═══ The records ═══
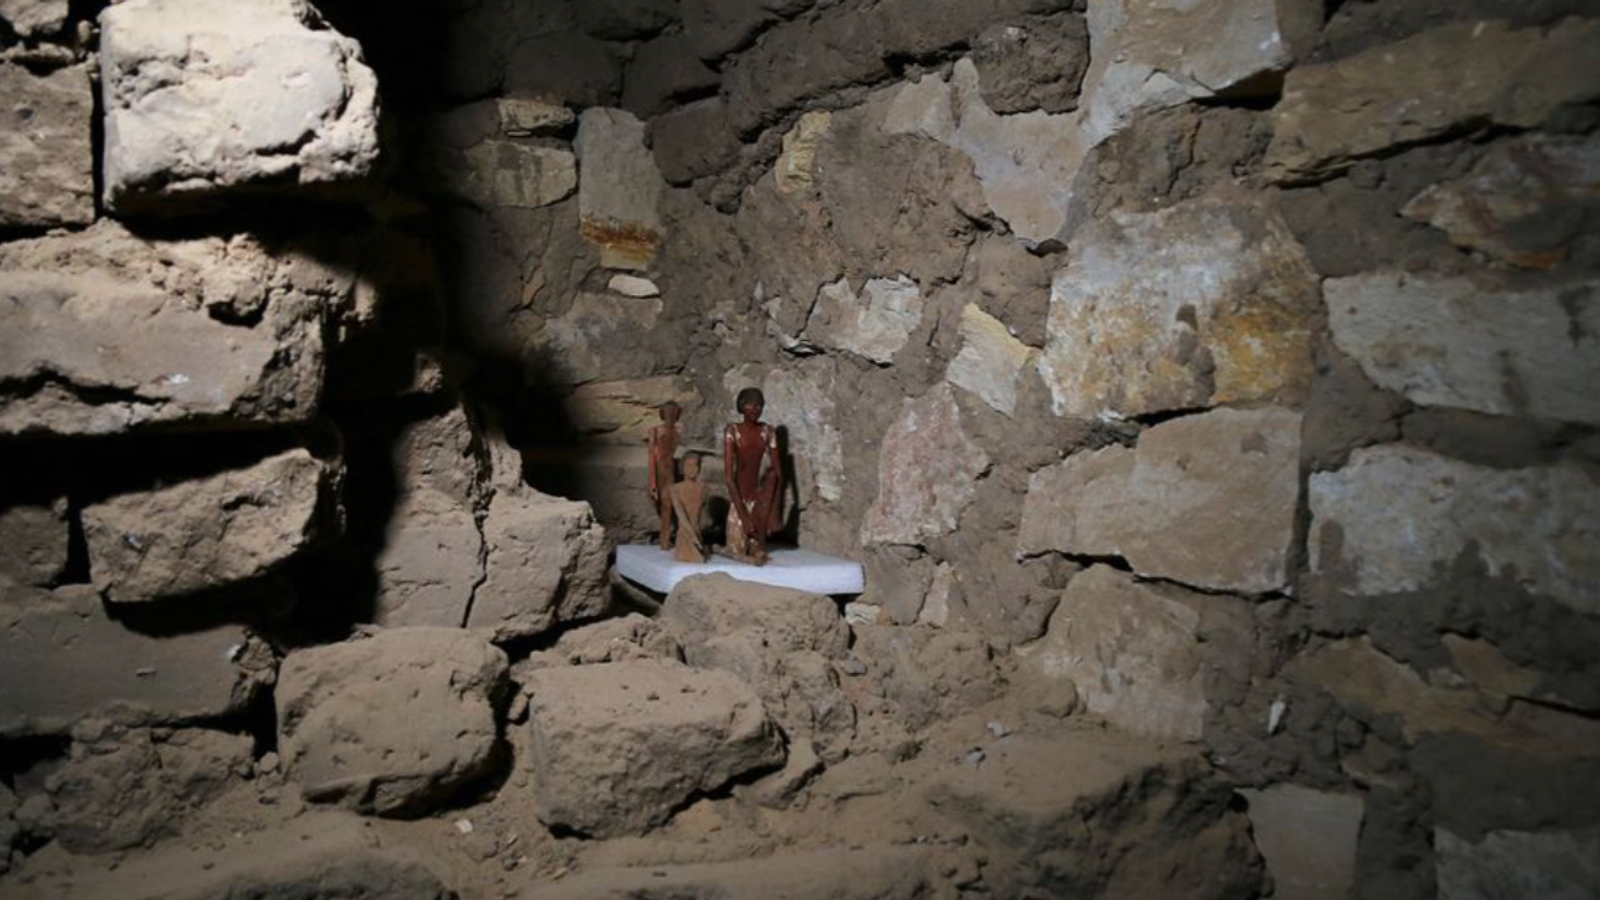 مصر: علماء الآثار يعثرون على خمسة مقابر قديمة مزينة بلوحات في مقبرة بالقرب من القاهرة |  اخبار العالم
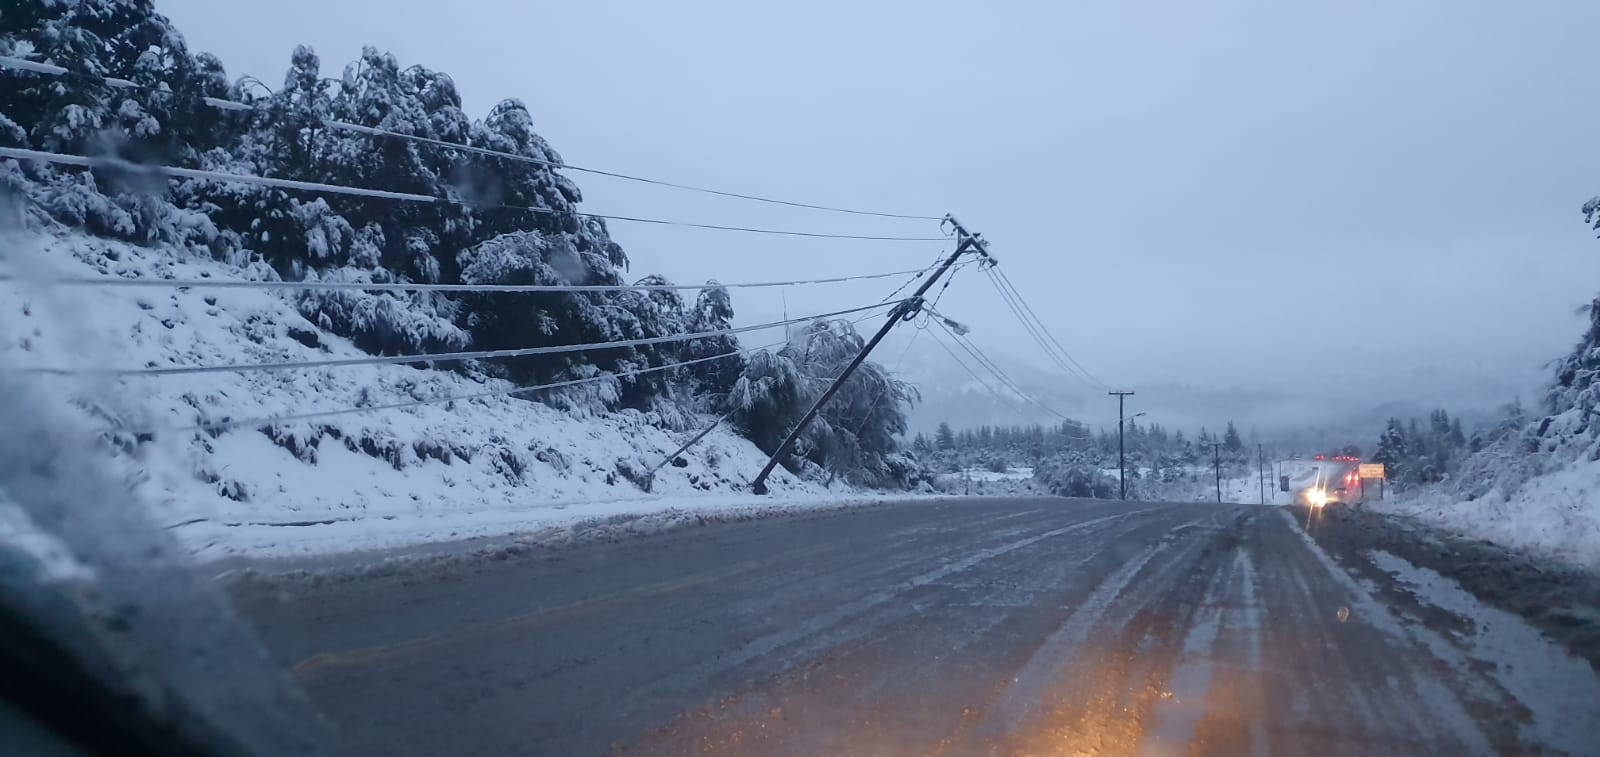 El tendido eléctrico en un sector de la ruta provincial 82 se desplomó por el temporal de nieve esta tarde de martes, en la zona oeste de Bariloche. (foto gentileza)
═══
═══ The records ═══
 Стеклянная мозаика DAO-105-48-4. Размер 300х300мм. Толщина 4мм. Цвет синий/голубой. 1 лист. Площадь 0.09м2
═══
◆ Work required
What do the entries above read from the line containing "مصر: علماء الآثار" through the line containing "El tendido eléctrico"? Output those lines exactly, both ends included, with the pictures left out.

◆ Reply to the task
 مصر: علماء الآثار يعثرون على خمسة مقابر قديمة مزينة بلوحات في مقبرة بالقرب من القاهرة |  اخبار العالم
 El tendido eléctrico en un sector de la ruta provincial 82 se desplomó por el temporal de nieve esta tarde de martes, en la zona oeste de Bariloche. (foto gentileza)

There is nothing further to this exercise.